Good Golly Miss Molly!!
Do you ever rest???


----------



## hawk1999 (Jul 9, 2000)

sold i want two


----------



## USS Atlantis (Feb 23, 2008)

Richard, you're gonna make me buy a larger house, just to hold all the 350-scale models I want to get, aren't you

Atlantis (Ken)


----------



## John P (Sep 1, 1999)

Hoo boy, it's gonna be fun getting rid of THOSE seams!
Especially around the impulse deflection crystal.


----------



## Ignatz (Jun 20, 2000)

Looks great! Are all those parts for making the master?


----------



## OneAM (Jul 9, 2008)

Is this for AW Studios? I seem to recall Vaderman mentioning a complete (i.e. non-conversion) kit for a 1/350 Reliant in the works.


----------



## Lou Dalmaso (Jul 13, 2004)

There She Is!

She tasks me...she tasks me and I'll HAVE IT!!!


----------



## Model Man (Oct 1, 2007)

I was all set to try doing a PL conversion scratchbuild and if it came out well, make that into a kit. But I guess I'll just fork some cash over. 

I will also need two: Pre- and Post-Combat.


----------



## REL (Sep 30, 2005)

John P said:


> Hoo boy, it's gonna be fun getting rid of THOSE seams!
> Especially around the impulse deflection crystal.


That's just how it came out of the 3d printer, the actual kit will be a top and bottom piece.


----------



## mikephys (Mar 16, 2005)

Lou Dalmaso said:


> There She Is!
> 
> She tasks me...she tasks me and I'll HAVE IT!!!


Oh boy. Here come those great TWOK (Moby Dick) quotes!

"I'll chase him round the moons of Nibia and round the Antares maelstrom and round perdition's flames before I give him up!" :thumbsup:


----------



## John P (Sep 1, 1999)

REL said:


> That's just how it came out of the 3d printer, the actual kit will be a top and bottom piece.

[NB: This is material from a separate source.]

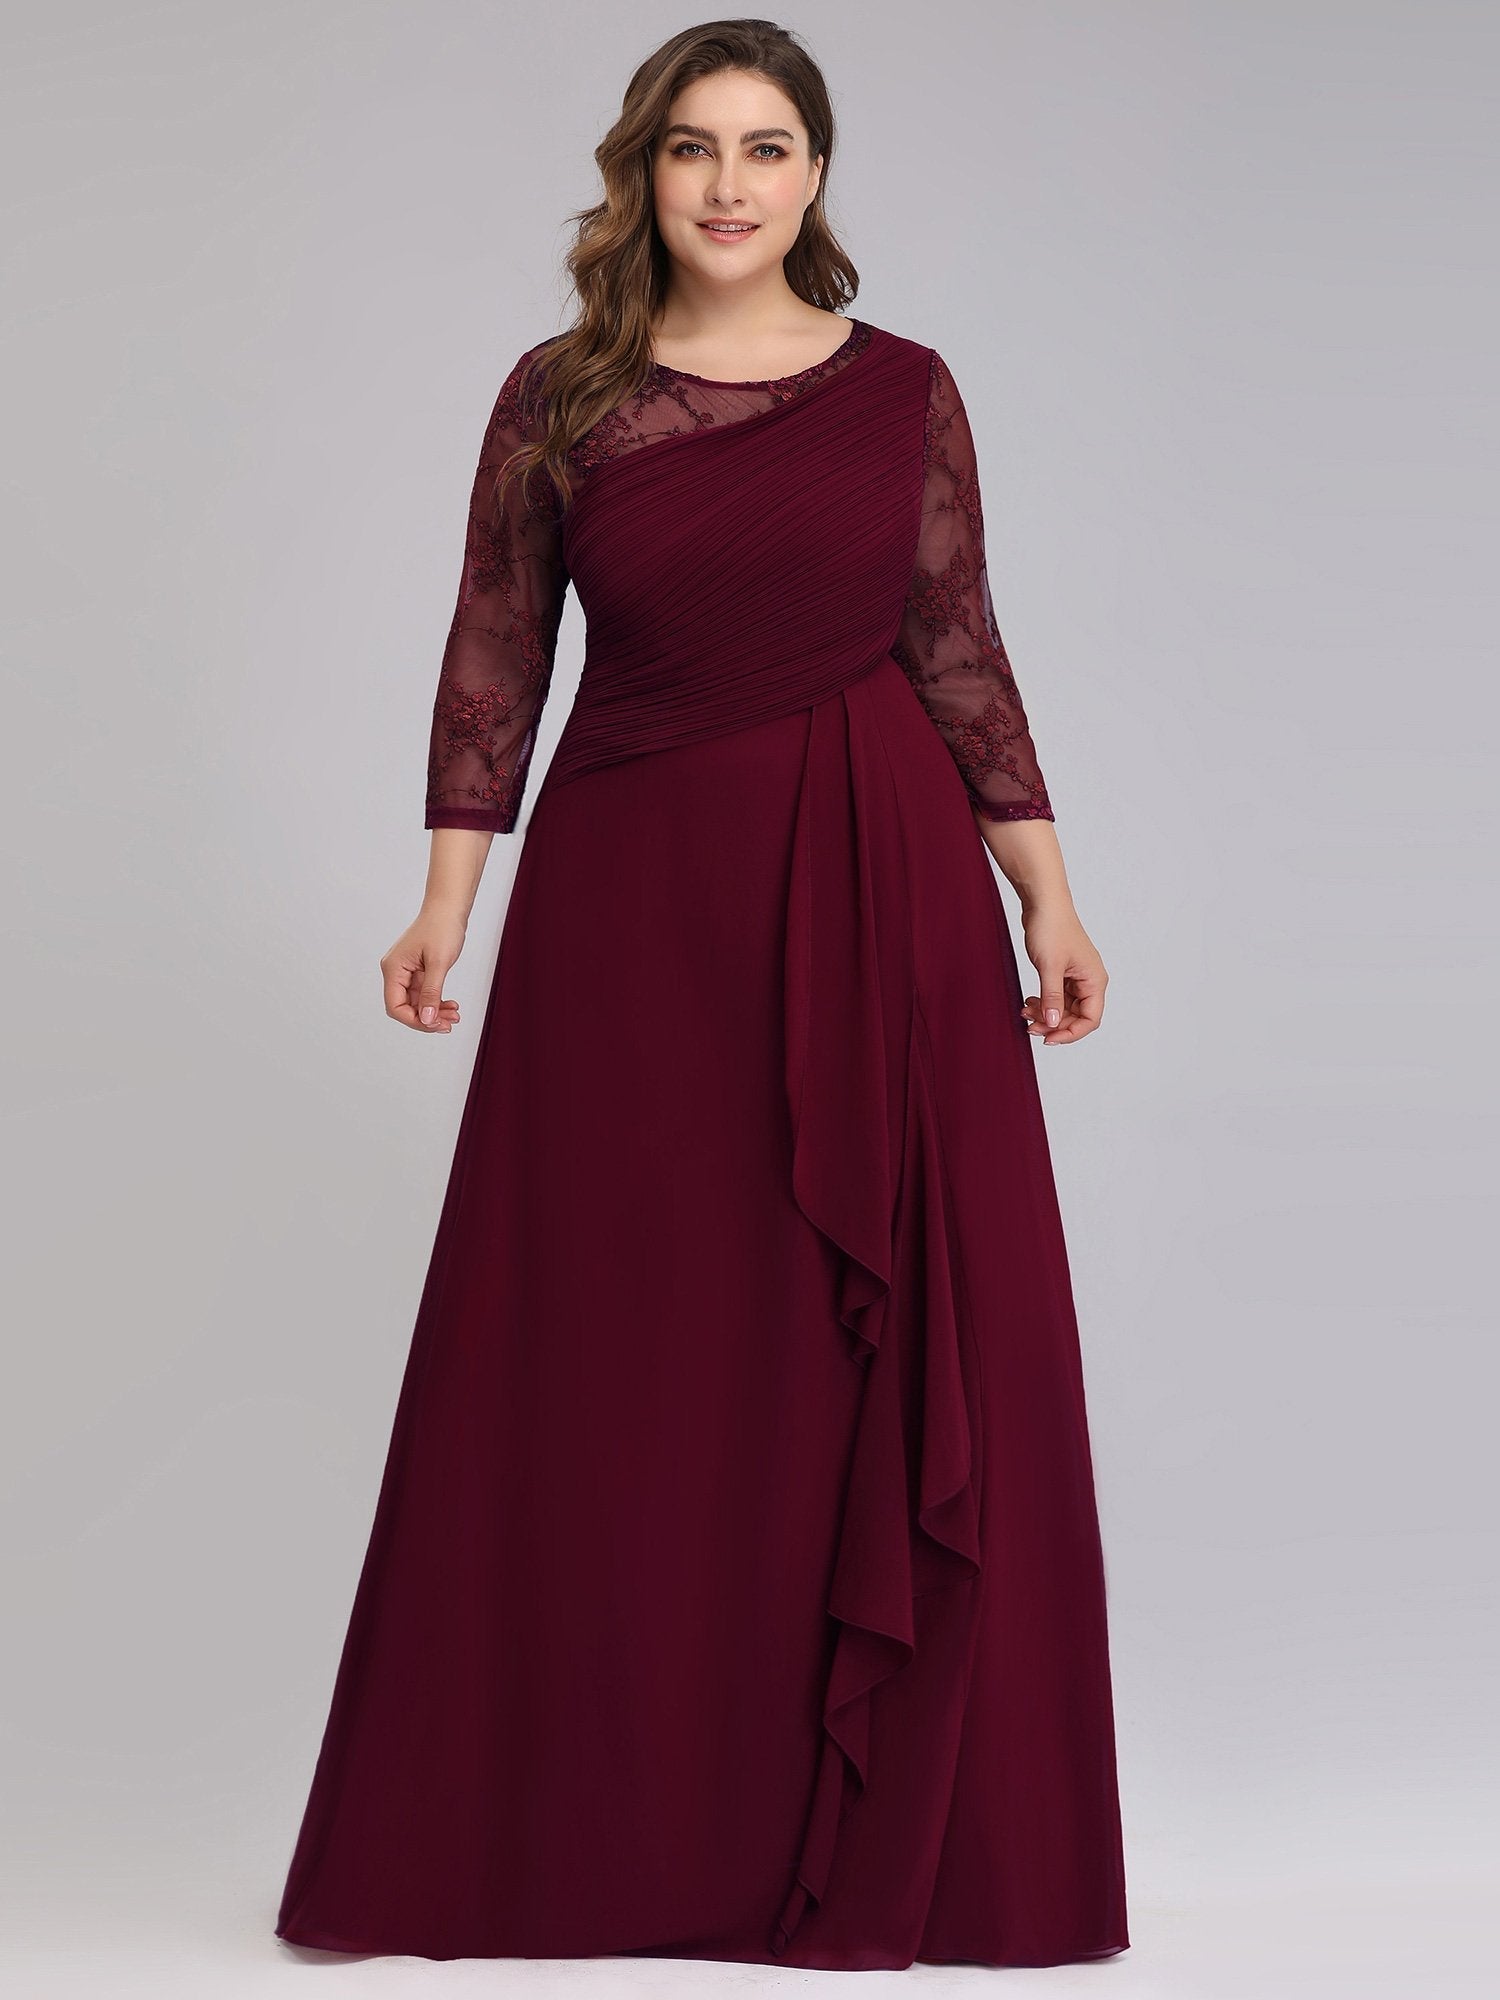 Exquisite Long Sleeve Women's Evening Gown

Understood, I was just saying that in sympathy for you having to go thru that yourself.


----------



## Mr. Canoehead (Jun 12, 2006)

I'm willing to bet this one is gonna beat some records in sales, I'll be taking one...


----------



## Atemylunch (Jan 16, 2006)

John P said:


> Hoo boy, it's gonna be fun getting rid of THOSE seams!
> Especially around the impulse deflection crystal.


The material is designed to be worked. The seams are of little concern. 
They are necessary because of the printing envelope. But in reality there is no limit to how big you can print, just how much you can afford.


----------



## lizzybus (Jun 18, 2005)

THIS IS IT!!!!!!!!!

This is the one i've dreamed of for oh so very long now......

Superb work as always, can't wait to see more!

I'm literally trembling with excitement!!!!

Rich


----------



## ClubTepes (Jul 31, 2002)

What up with this project?

Wasn't there also a 1/1000 Reliant by you or someone else?


----------